WHAT YOU ARE ASKED TO DO
Provide again, from the entries below, every line from the one containing "Eine Gruppe von" through the one containing "beach please travel", exactly as written, and no other line.

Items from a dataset
++++++++

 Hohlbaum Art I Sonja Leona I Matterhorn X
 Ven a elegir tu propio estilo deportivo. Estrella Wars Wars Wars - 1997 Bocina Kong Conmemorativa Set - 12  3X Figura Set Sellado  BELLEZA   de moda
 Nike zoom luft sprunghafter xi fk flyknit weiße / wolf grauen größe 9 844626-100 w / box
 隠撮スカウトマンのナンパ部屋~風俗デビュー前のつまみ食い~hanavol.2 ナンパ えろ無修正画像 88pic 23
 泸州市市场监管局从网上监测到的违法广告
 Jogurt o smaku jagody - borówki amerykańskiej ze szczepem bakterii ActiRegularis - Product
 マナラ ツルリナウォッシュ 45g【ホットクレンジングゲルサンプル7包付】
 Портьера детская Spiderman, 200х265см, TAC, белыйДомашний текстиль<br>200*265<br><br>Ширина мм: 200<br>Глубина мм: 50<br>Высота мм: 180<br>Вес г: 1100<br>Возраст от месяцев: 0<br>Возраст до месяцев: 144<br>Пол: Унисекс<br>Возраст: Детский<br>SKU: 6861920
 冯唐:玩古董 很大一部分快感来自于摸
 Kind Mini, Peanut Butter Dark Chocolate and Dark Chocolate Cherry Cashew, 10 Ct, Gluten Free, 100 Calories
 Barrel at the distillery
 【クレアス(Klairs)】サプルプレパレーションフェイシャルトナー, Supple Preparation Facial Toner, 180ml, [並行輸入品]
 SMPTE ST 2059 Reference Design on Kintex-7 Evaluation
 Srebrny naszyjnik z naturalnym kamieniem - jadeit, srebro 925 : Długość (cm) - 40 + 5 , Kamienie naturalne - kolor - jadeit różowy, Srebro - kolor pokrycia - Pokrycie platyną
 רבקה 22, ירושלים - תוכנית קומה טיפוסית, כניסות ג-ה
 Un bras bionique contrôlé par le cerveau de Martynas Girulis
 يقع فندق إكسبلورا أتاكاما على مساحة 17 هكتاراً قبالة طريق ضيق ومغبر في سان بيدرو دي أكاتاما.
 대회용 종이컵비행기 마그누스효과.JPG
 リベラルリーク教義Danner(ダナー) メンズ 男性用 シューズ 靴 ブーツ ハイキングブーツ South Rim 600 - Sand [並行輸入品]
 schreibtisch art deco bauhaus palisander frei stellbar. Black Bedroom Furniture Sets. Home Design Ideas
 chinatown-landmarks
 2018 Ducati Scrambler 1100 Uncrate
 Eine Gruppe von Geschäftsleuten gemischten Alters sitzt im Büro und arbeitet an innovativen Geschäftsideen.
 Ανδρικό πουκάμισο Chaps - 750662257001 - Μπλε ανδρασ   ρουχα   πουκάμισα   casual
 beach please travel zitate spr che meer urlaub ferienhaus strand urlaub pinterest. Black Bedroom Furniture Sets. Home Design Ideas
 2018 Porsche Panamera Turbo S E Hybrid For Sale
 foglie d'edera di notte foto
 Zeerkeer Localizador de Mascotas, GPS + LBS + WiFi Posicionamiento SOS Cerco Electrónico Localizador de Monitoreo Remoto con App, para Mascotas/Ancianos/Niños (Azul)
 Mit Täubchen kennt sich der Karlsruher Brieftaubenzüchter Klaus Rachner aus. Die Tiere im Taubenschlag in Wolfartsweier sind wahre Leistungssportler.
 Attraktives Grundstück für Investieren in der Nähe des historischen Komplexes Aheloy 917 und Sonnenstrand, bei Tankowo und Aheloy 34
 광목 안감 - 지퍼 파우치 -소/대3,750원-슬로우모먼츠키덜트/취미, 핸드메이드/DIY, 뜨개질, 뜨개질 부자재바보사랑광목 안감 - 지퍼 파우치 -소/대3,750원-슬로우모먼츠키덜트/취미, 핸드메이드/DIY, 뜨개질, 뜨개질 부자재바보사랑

++++++++

PROBLEM SOLUTION
 Eine Gruppe von Geschäftsleuten gemischten Alters sitzt im Büro und arbeitet an innovativen Geschäftsideen.
 Ανδρικό πουκάμισο Chaps - 750662257001 - Μπλε ανδρασ   ρουχα   πουκάμισα   casual
 beach please travel zitate spr che meer urlaub ferienhaus strand urlaub pinterest. Black Bedroom Furniture Sets. Home Design Ideas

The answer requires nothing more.